Preparation of cardiac and pulmonary vagal branches

A thoracotomy was performed between the fourth and sixth ribs to gain access to the right cranial, caudal cardiac and pulmonary branches, as previously described (McAllen & Spyer, 1976). The intact cardiac and pulmonary branches and the vagus nerve between the cranio- and caudal cardiac branches were placed on fine silver wire (0.125 mm in diameter) bipolar electrodes with a 2 mm gap. The wires were insulated from one another with wax and sealed round the nerves with President light body dental polyvinylsiloxane (Coltene UK Ltd, West Sussex, UK). These silver wires had been soldered onto insulated copper wires, which were secured to the thorax. The electrodes were connected to an isolated stimulator (DS2A, Digitimer Ltd, Welwyn Garden City) triggered by Digitimer D4030 Programmer. The vagal branches were left intact and typically, stimulation of the main cardiac branch (1 ms pulses at 100 μA, 50 Hz) evoked ‘cardiac arrest’ without change in tracheal pressure, whilst stimulation of the pulmonary branches evoked changes in tracheal pressure but not heart rate.
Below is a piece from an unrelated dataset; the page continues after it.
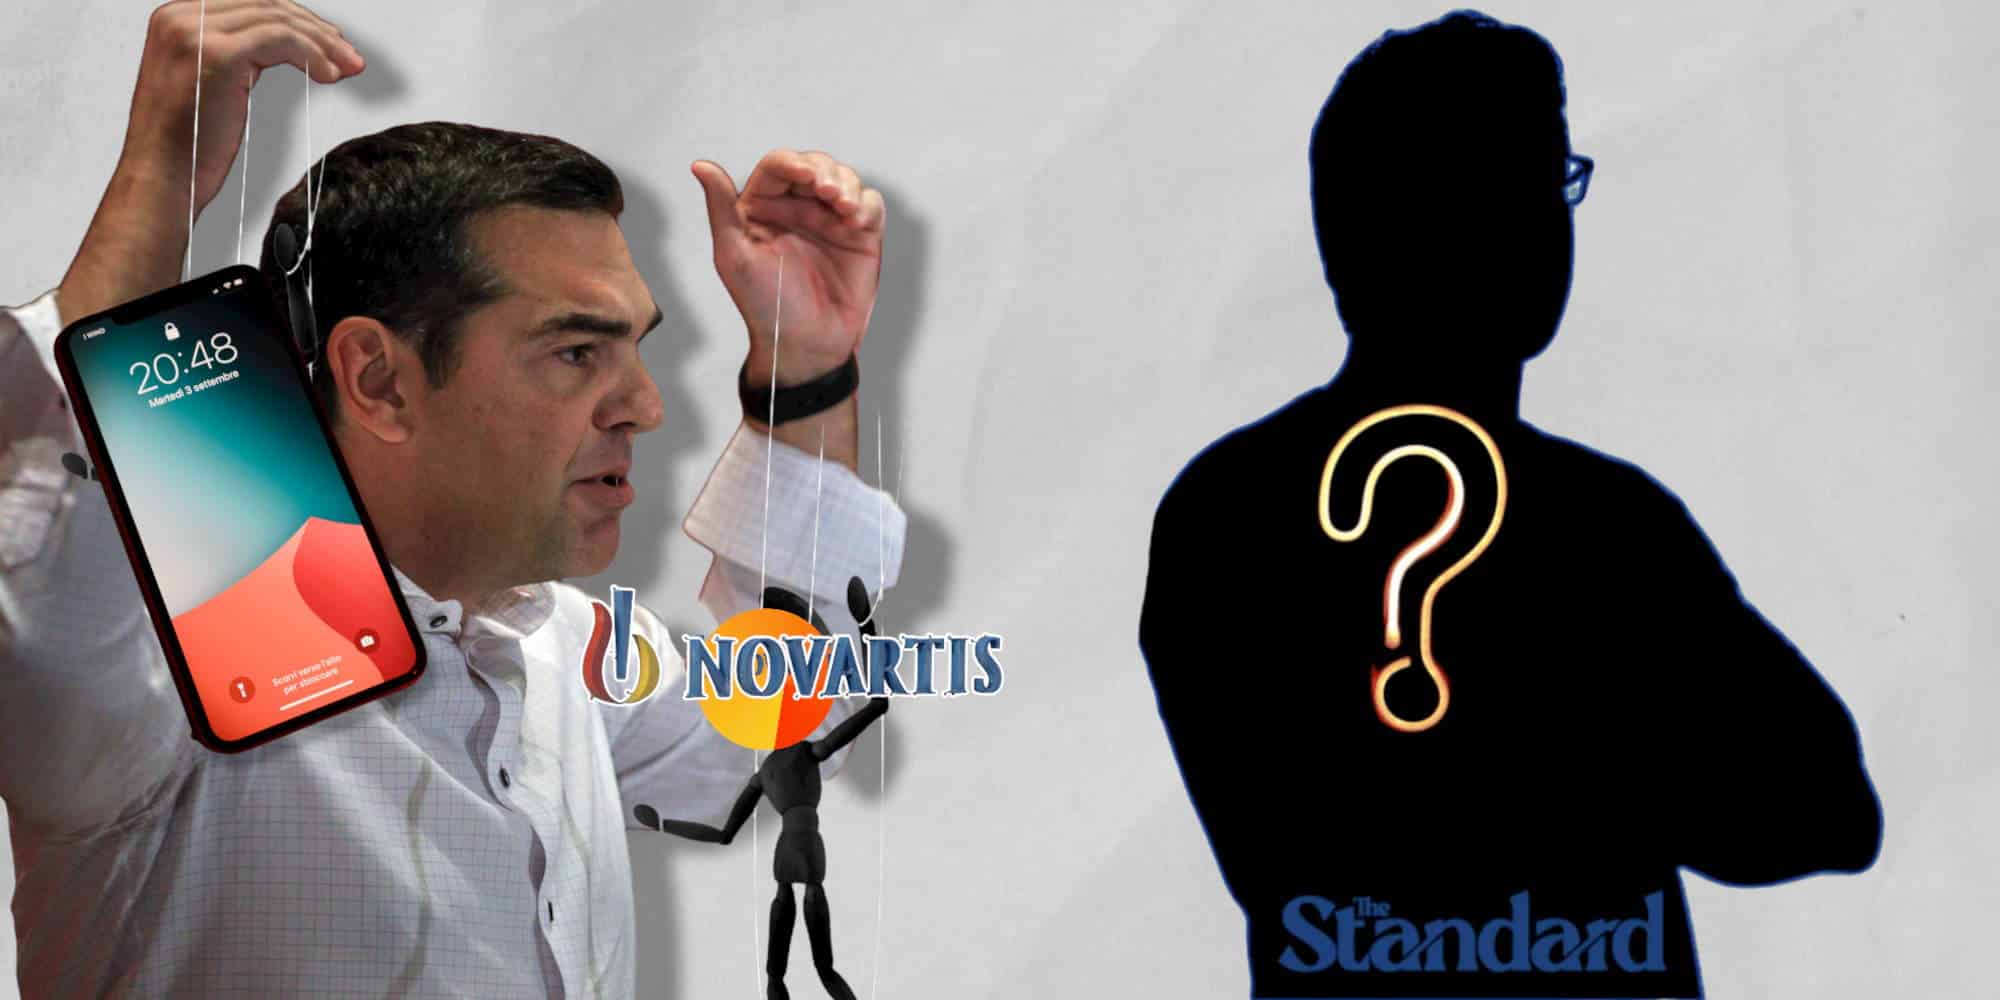 Ο πρόεδρος του ΣΥΡΙΖΑ, Αλέξης Τσίπρας και οι υποθέσεις των υποκλοπών και της Novartis

Single unit recording and identification of cardiac vagal preganglionic neurones

Extracellular recordings were made from neurones in the region of the nucleus ambiguus using ‘piggy-back’ electrodes which were assembled from a single glass recording electrode and a multi-barrelled glass electrode (Wang et al. 1998). The recording barrel contained 4 M sodium chloride. One of the barrels contained Pontamine Sky Blue dye (2 % dissolved in 0.5 M sodium acetate) for automatic current balancing and marking the recording sites and the other barrel was filled with the glutamate receptor agonist dl-homocysteic acid (DLH, 100 mM, pH 8.5). Cardiac vagal preganglionic neurones were identified by their antidromic activation following electrical stimulation of the thoracic cardiac branches of the vagus (100-500 μA, 1 ms pulses, 0.2-1.0 Hz) as previously described (McAllen & Spyer, 1976, 1978a). The criteria used to determine antidromic activation were the constant latency of the evoked response and its collision with appropriately timed ongoing activity (Fig. 1A). The possibility of current spread from the cardiac branch to the whole vagus nerve was checked periodically during the experiment by the absence of antidromic activation to stimuli applied to the vagus nerve below the pulmonary nerve branching point. Pulmonary C-fibre afferents were stimulated by injection of a bolus of phenylbiguanide (PBG; 14-32 μg kg−1 in 100-200 μl) into the right atrium. The minimum interval between two PBG injections was 5 min and the volume for a single injection was restricted to less than 200 μl to avoid stimulation of receptors in the atrial wall by volume expansion.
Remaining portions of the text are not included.